Just a dump on what I know about Planck's hypothesis. Could you verify if my understanding is correct
@Arrowshaft?
Q: Describe how Planck's explanation of black body radiation changed the direction of scientific thinking in the early twentieth century. (3 marks)
Prior to Max Planck's hypothesis on the nature of black body radiation, the accepted model of light was Maxwell's continuous wave theory. However, Maxwell's theory was unable to account for the features of a black body curve. It predicted that vibrational modes of higher frequencies in cavity radiators were more likely than lower frequencies, which resulted in the predicted curve, according to Rayleigh-Jeans law, having no peak emission, and approaching infinite intensity at higher frequencies, violating the law of conservation of energy. This was known as the UV catastrophe. Physicists, such as Wien, attempted to account for the UV catastrophe through classical arguments, however essentially introduced arbitrary constants to fit a polynomial with no real underlying model.

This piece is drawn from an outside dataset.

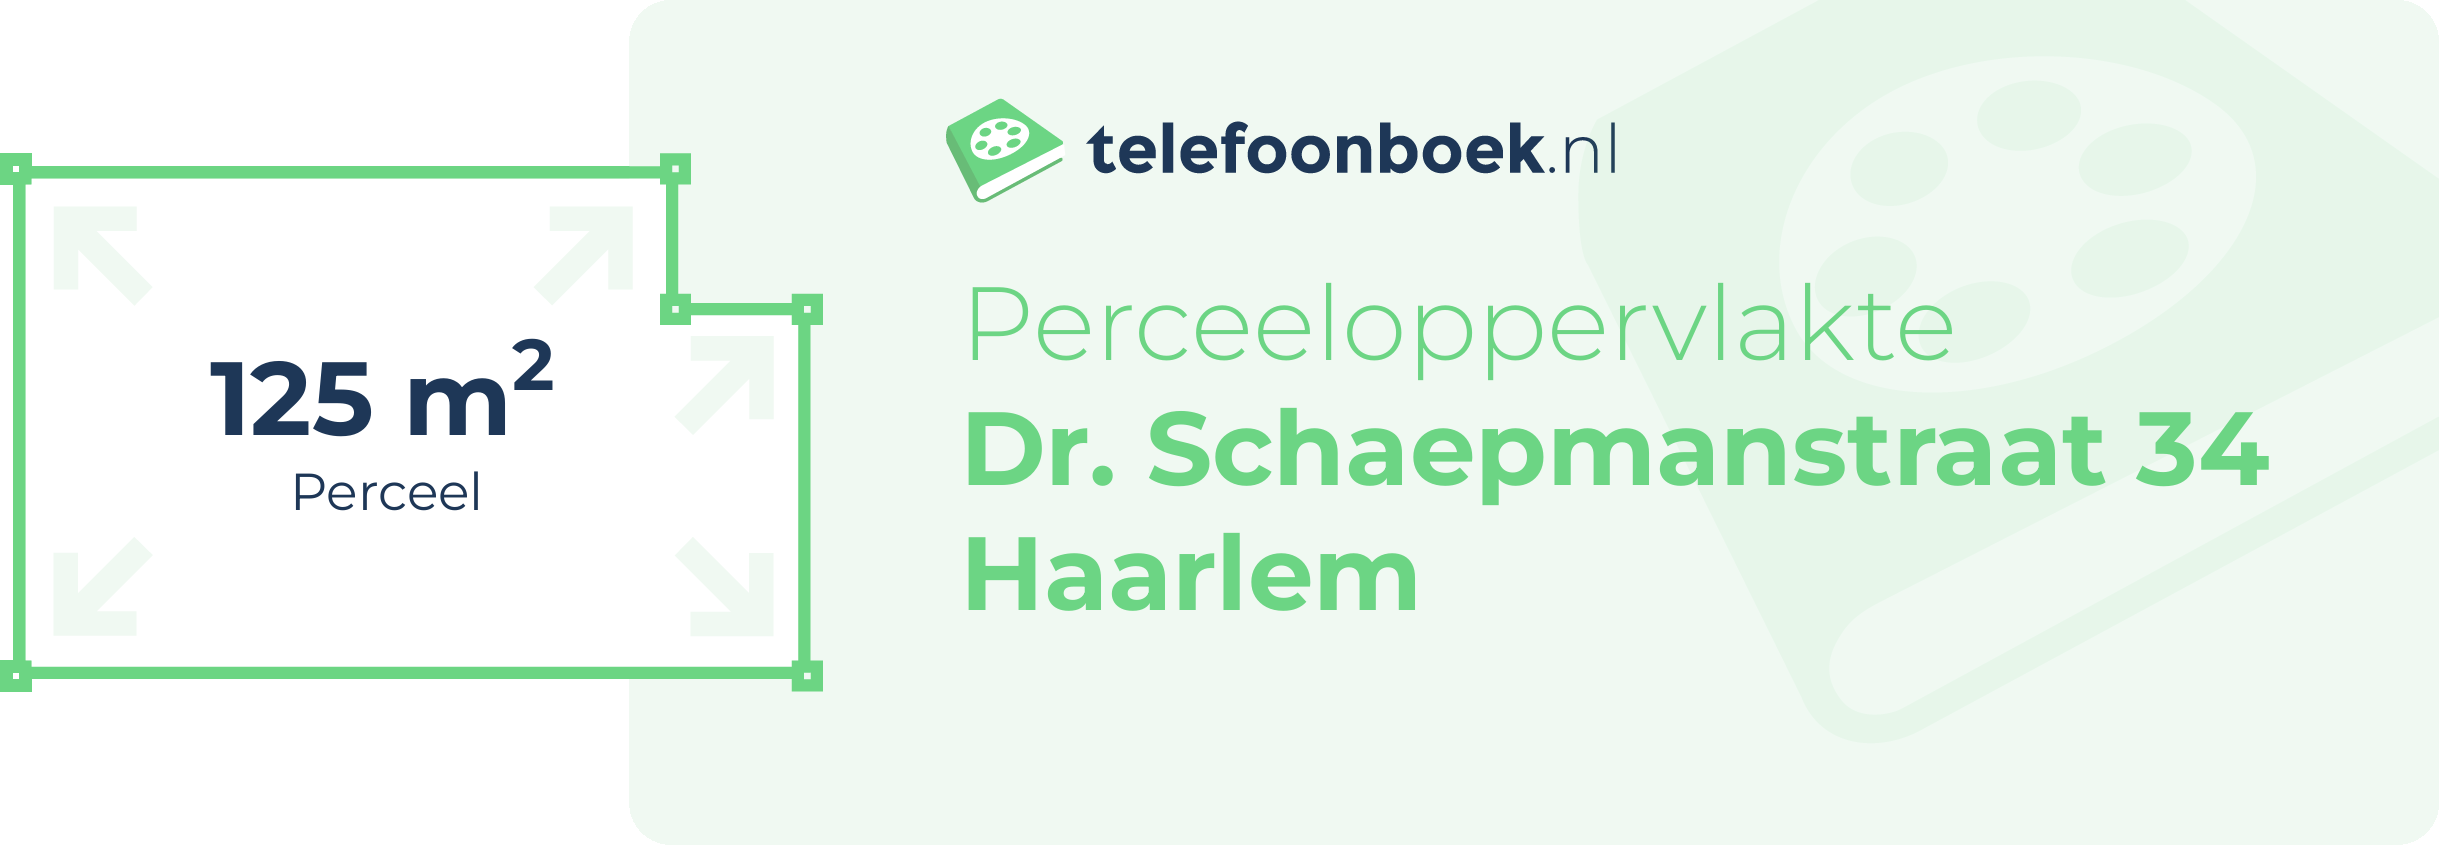 Perceeloppervlakte Dr. Schaepmanstraat 34 Haarlem

Max Planck's hypothesis however had the extraordinary insight to approach the black body problem through a discrete, not continuous model. He modified Wien's law to remove the arbitrary constants and built a mathematical model with the underlying assumption that the atoms in the walls of a cavity radiator acted to transmit and receive only certain modes of oscillation based on their transitions between quantised thermal energy states. This resulted in the electromagnetic energy a black body could emit and receive being made up of discrete quanta E = hf.
Since most atoms in a black body would be at a given temperature, certain thermal energy transitions would be more likely than others, explaining the peak wavelength. The thermal energies required for atoms to undertake the large energy transitions required to release high frequency radiation were furthermore, very unlikely in the black bodies studied, explaining the UV catastrophe.
The immense success of Planck's quantised model in explained the black body curved hinted to physicists that there were shortcomings to the continuous, classical view of the world. Planck's hypothesis would go on to change the course of physics from the classical to the quantum, with his quantisation of electromagnetic energy being fully realised in Einstein's quantised photon model of light.